By olivia on November 07, 2017
Blog,

Do you run your Restaurant Business or does it run you?

 

Creating the vision and then making the money work…

Running a business is a numbers game, your profits depend on how well you understand the numbers and control the game. Operating a restaurant is no different, understanding the numbers has a direct correlation with either ‘winning’ or ‘losing’.

First you create the vision, then you and your managers work through the actual costs and the gross profit margin needed to make it all work – then set the budget.

A typical restaurant in Auckland makes approximately 8 cents on every dollar of sales (gross sales). Of course, not all restaurants are in the same locality, or serve the same type of food, or have staff on the floor that provide the same level of service. There are restaurants that make more than this and there are those that leak funds like a sieve and chew through whatever equity the owners have (usually their family home). Therefore, it is important to find out what the average gross profit margin is for restaurants within the same geographical areas as yours.

Gross profit is calculated by subtracting food cost and labour cost from gross sales.

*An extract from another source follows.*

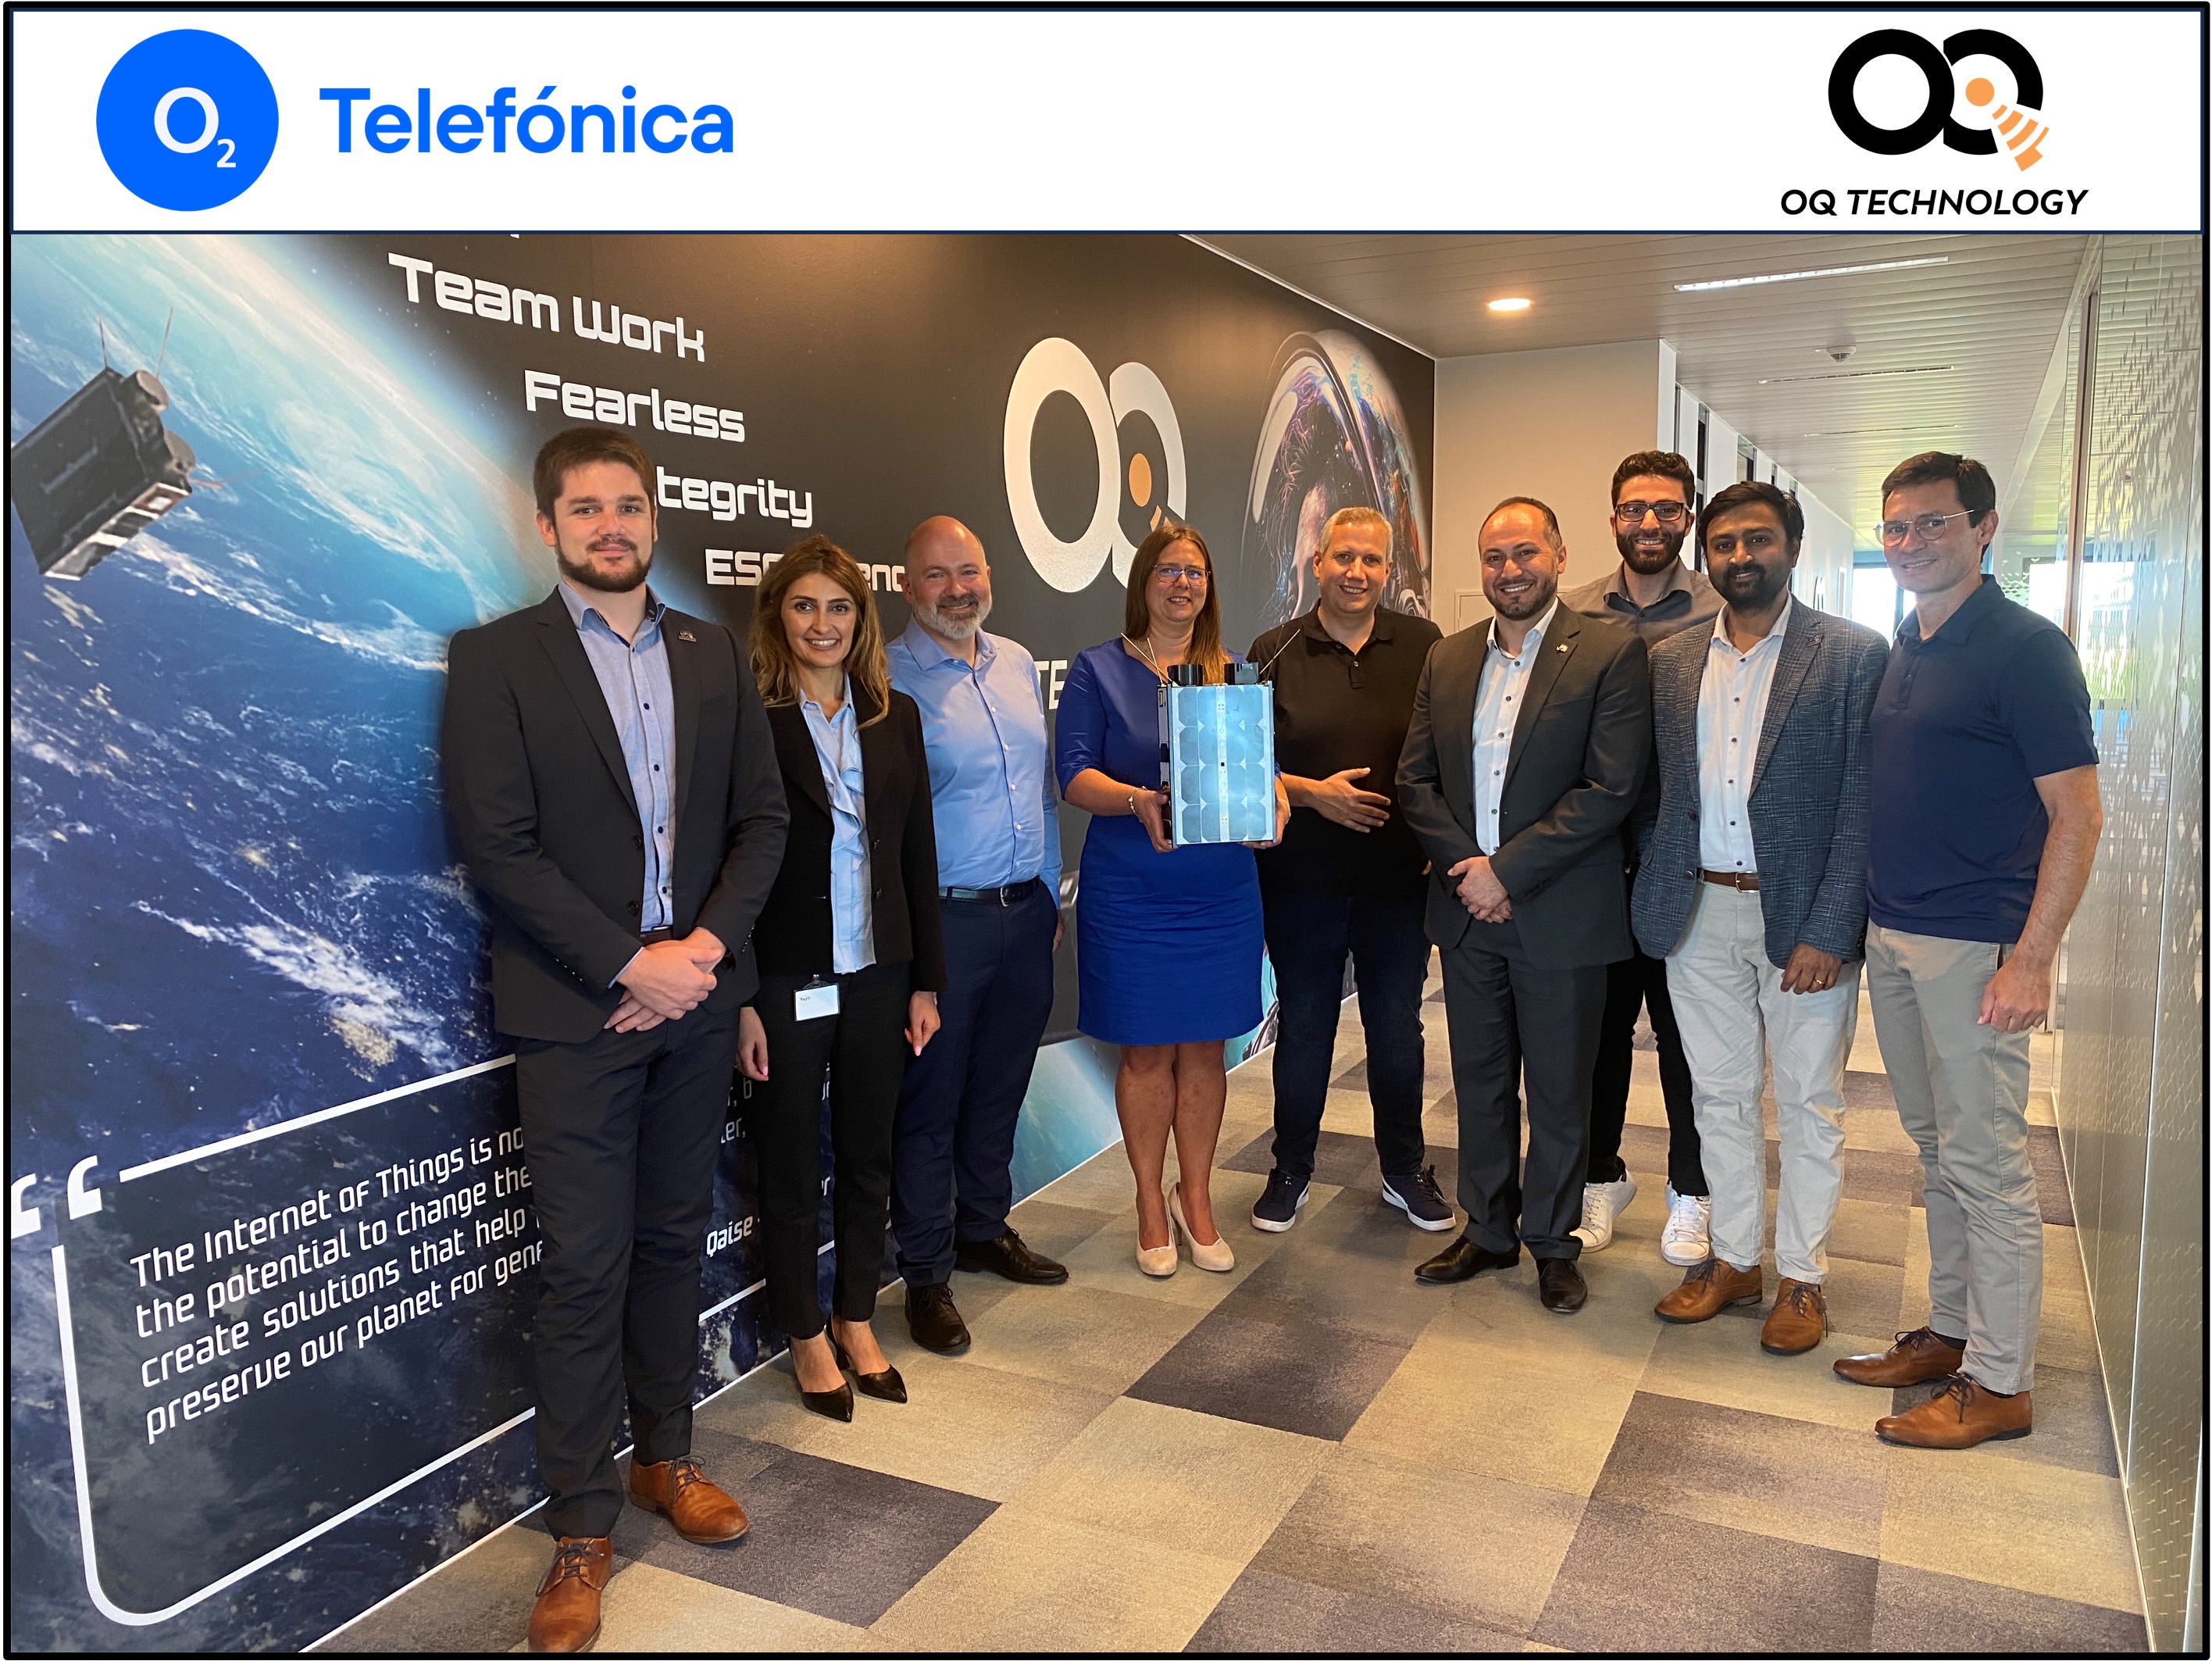 OQ & Telefonica teams during their visit to OQ control center in Luxembourg

On average, a restaurant makes about 33% gross profit (GP).  Assuming an item on a menu is selling for $20, that is a GP of $6.60 before you consider the ‘below the line’ expenses that your managers need to control. The challenge for most restaurant owners is trying to work out their expenses as precisely as possible. To calculate the food cost properly a periodic inventory count is essential. When we work with new clients we suggest weekly inventory counts while systems and strategies are put in place. For a more established client who has control over the numbers, a monthly inventory count may be sufficient.

To achieve a profit of 8 cents on every dollar of sales we work with our clients to target food cost of 30% and labour cost of 36%. These two expenses are under the direct control of management because they buy products; control wastage, plus hire, train and roster staff. For the manager, these two expenses should be key financial indicators (KPI). The non-financial KPIs being staff retention and optimal rostering, amongst a whole raft of other KPIs. It is important that the KPIs you select are measurable and well-defined.

Achieving the above GP margin depends on two key factors – your willingness to change, and how well your managers ‘buy into the vision’.

Prior to working on a budget, we provide our clients with the resources to calculate the food cost for every dish on their menu. We then develop an annual budget, broken down into monthly targets. These two financial reports establish how the current numbers stack up and what needs to be done to achieve the targeted KPIs. We then proactively help our client and their managers to make changes, with a goal of achieving those numbers.

We work with restaurant owners who know that something needs to change to achieve the results for which they have gone into business but do not know what those changes are supposed to look like.

Our single mission is to help them achieve those results.